On Fri, 24 Sep 2010, Markus Gebert wrote:

> On 23.09.2010, at 19:38, Michael Naef wrote:
>
>> If I open (2) a file with O_APPEND the fd position pointer is set
>> to the start of the file. When I then write to an fd on a ufs FS in
>> FB6.4, it is automatically moved to the end and the bytes are
>> appended. No problems appear with write to the sappend-flages file.
>>
>> However if I do the same on FB8.1/ZFS, the write fails as "not
>> permitted".
>
> To me, it seems that the zfs_write() VOP incorrectly uses FAPPEND instead of IO_APPEND when checking the ioflag argument to see if the current write is an appending one, here:
>
> ----
> 	/*
> 	 * If immutable or not appending then return EPERM
> 	 */
> 	pflags = zp->z_phys->zp_flags;
> 	if ((pflags & (ZFS_IMMUTABLE | ZFS_READONLY)) ||
> 	    ((pflags & ZFS_APPENDONLY) && !(ioflag & FAPPEND) &&
> 	    (uio->uio_loffset < zp->z_phys->zp_size))) {
> 		ZFS_EXIT(zfsvfs);
> 		return (EPERM);
> 	}
> ----
>
> The function comment only mentions IO_APPEND and even later on in zfs_write() IO_APPEND is used to check wether the offset should be changed to EOF, so FAPPEND really seems to wrong in the above permission check.

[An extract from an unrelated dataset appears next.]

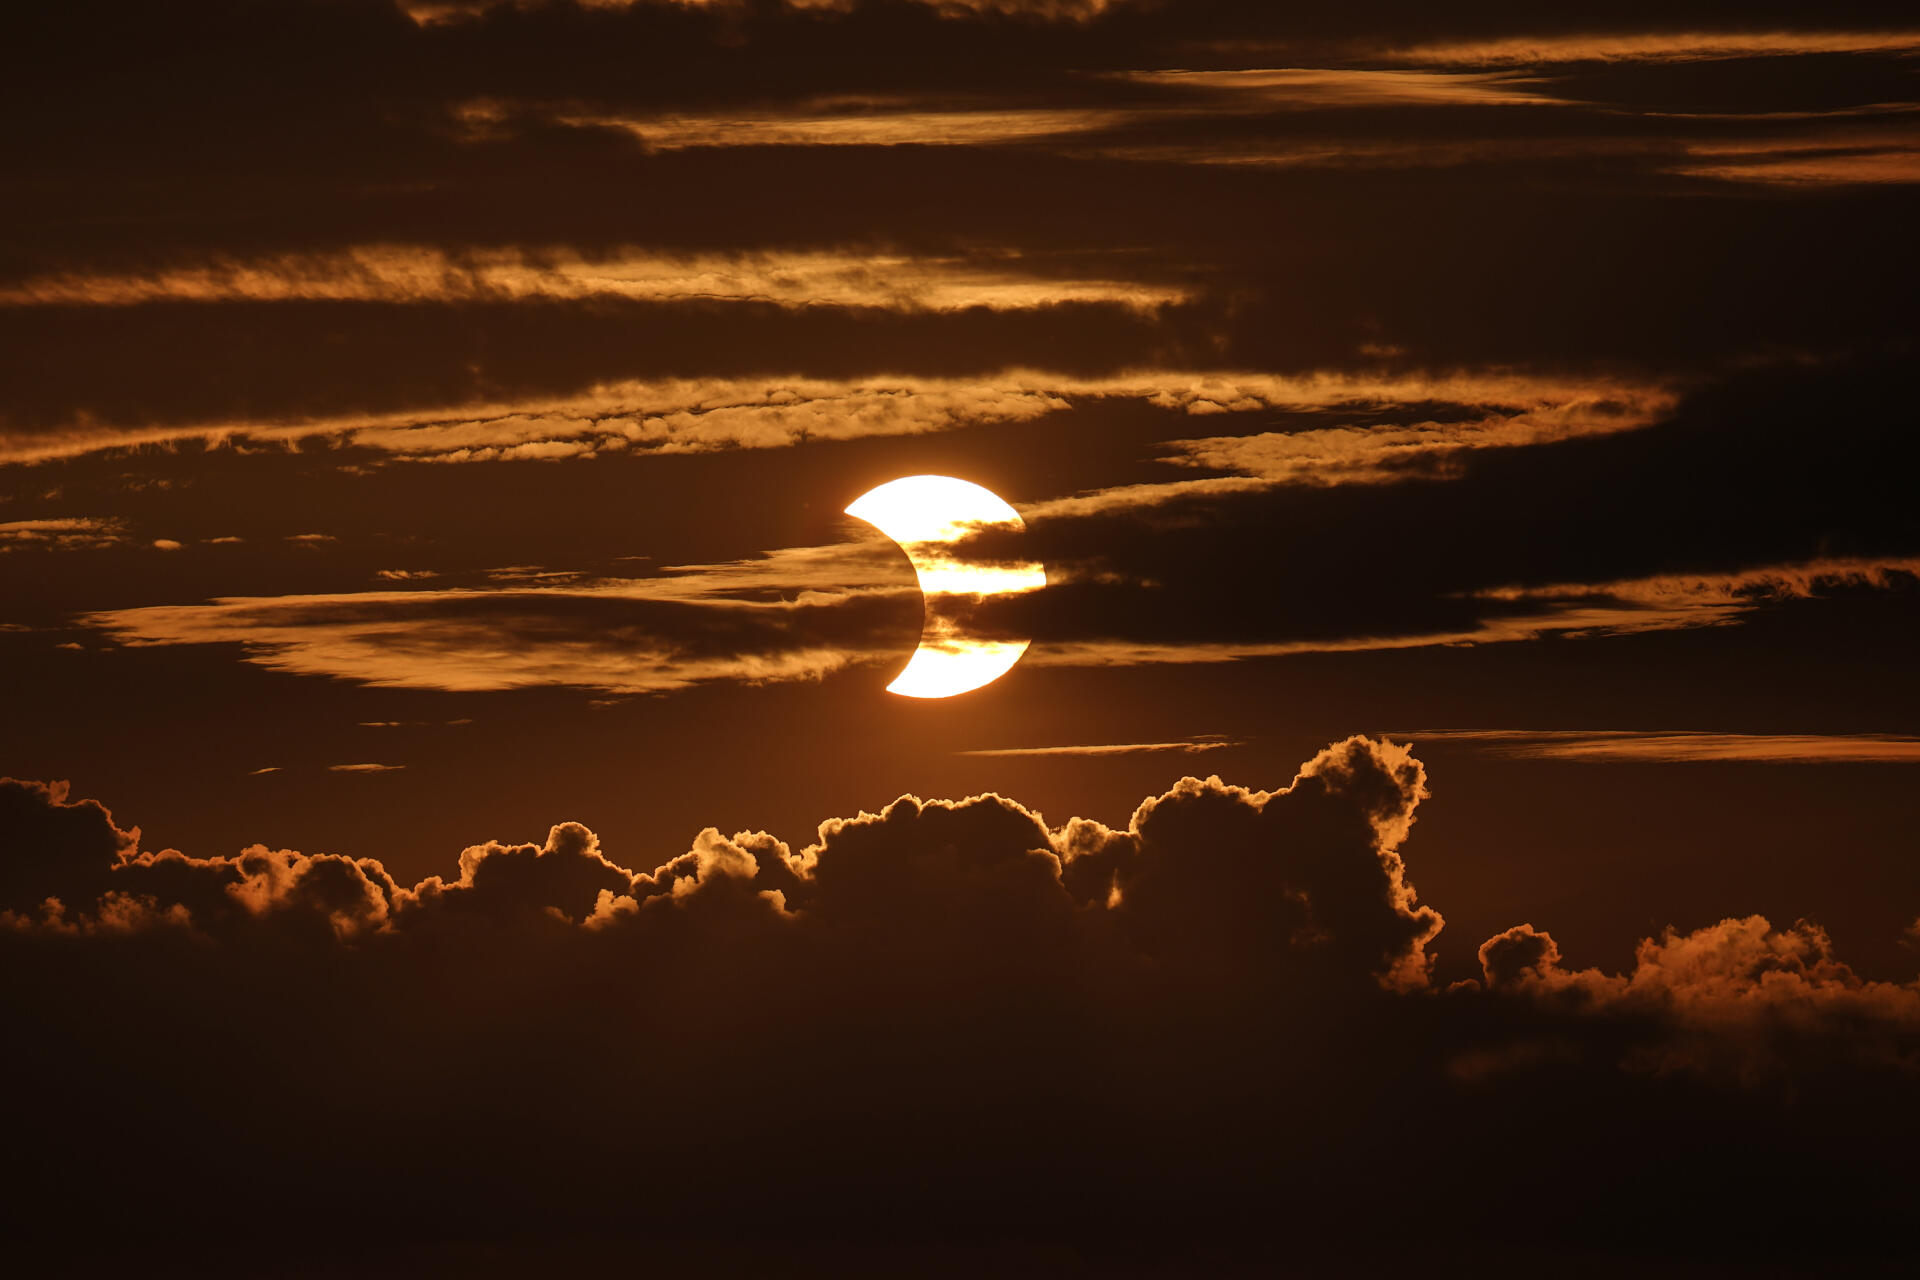 L’éclipse partielle de soleil vue depuis Arbutus, dans le Maryland aux Etats-Unis, le 10 juin 2021.

Oops, the file[descriptor] append flags aren't all the same like I said in
a previous reply.  FAPPEND is identical with O_APPEND and is 8, but IO_APPEND
is 2.  Here zfs is testing IO_NODELOCKED = 8.

The use of IO_NODELOCKED is confusing and slightly broken.  It is only
a flag for vn_rdwr() and a couple of other in-kernel i/o functions.
These start with the vnode locked and set IO_NODELOCKED to tell vn_rdwr()
not to lock again.  Userland writes call vn_rdwr() without the vnode
locked and keep IO_NODELOCKED clear to tell vn_rdwr() to lock the
vnode.  vn_rdwr() doesn't set it so it is garbage after that -- it remains
consistent with the vnode lock state for in-kernel writes, but for userland
writes it is inconsistent with the vnode lock state below the level of
vn_rdwr().  VOP_WRITE() is called from places other than vn_rdwr(), and
most or all of these places also fail to set IO_NODELOCKED.  They also
mostly or always know that they are for in-kernel writes, so they also
don't check IO_NODELOCKED.

Thus in the above, the FAPPEND bit is usually clear so the test doesn't
work (the cases where FAPPEND is set where it should be clear, and
where ZFS_APPENDONLY is also set, are rare since they only occur for
in-kernel writes of things like core dumps, and you have other problems
if you have many append-only files being written to for things like
core dumps).  My previous mail was incorrect about this point, and
understated the ways in which the comment doesn't match the code --
apart from FAPPEND not being the append-flag, the comment combined
with the reported behaviour and mu confusion about the equality of the
flags helped me misread the IO_APPEND test backwards.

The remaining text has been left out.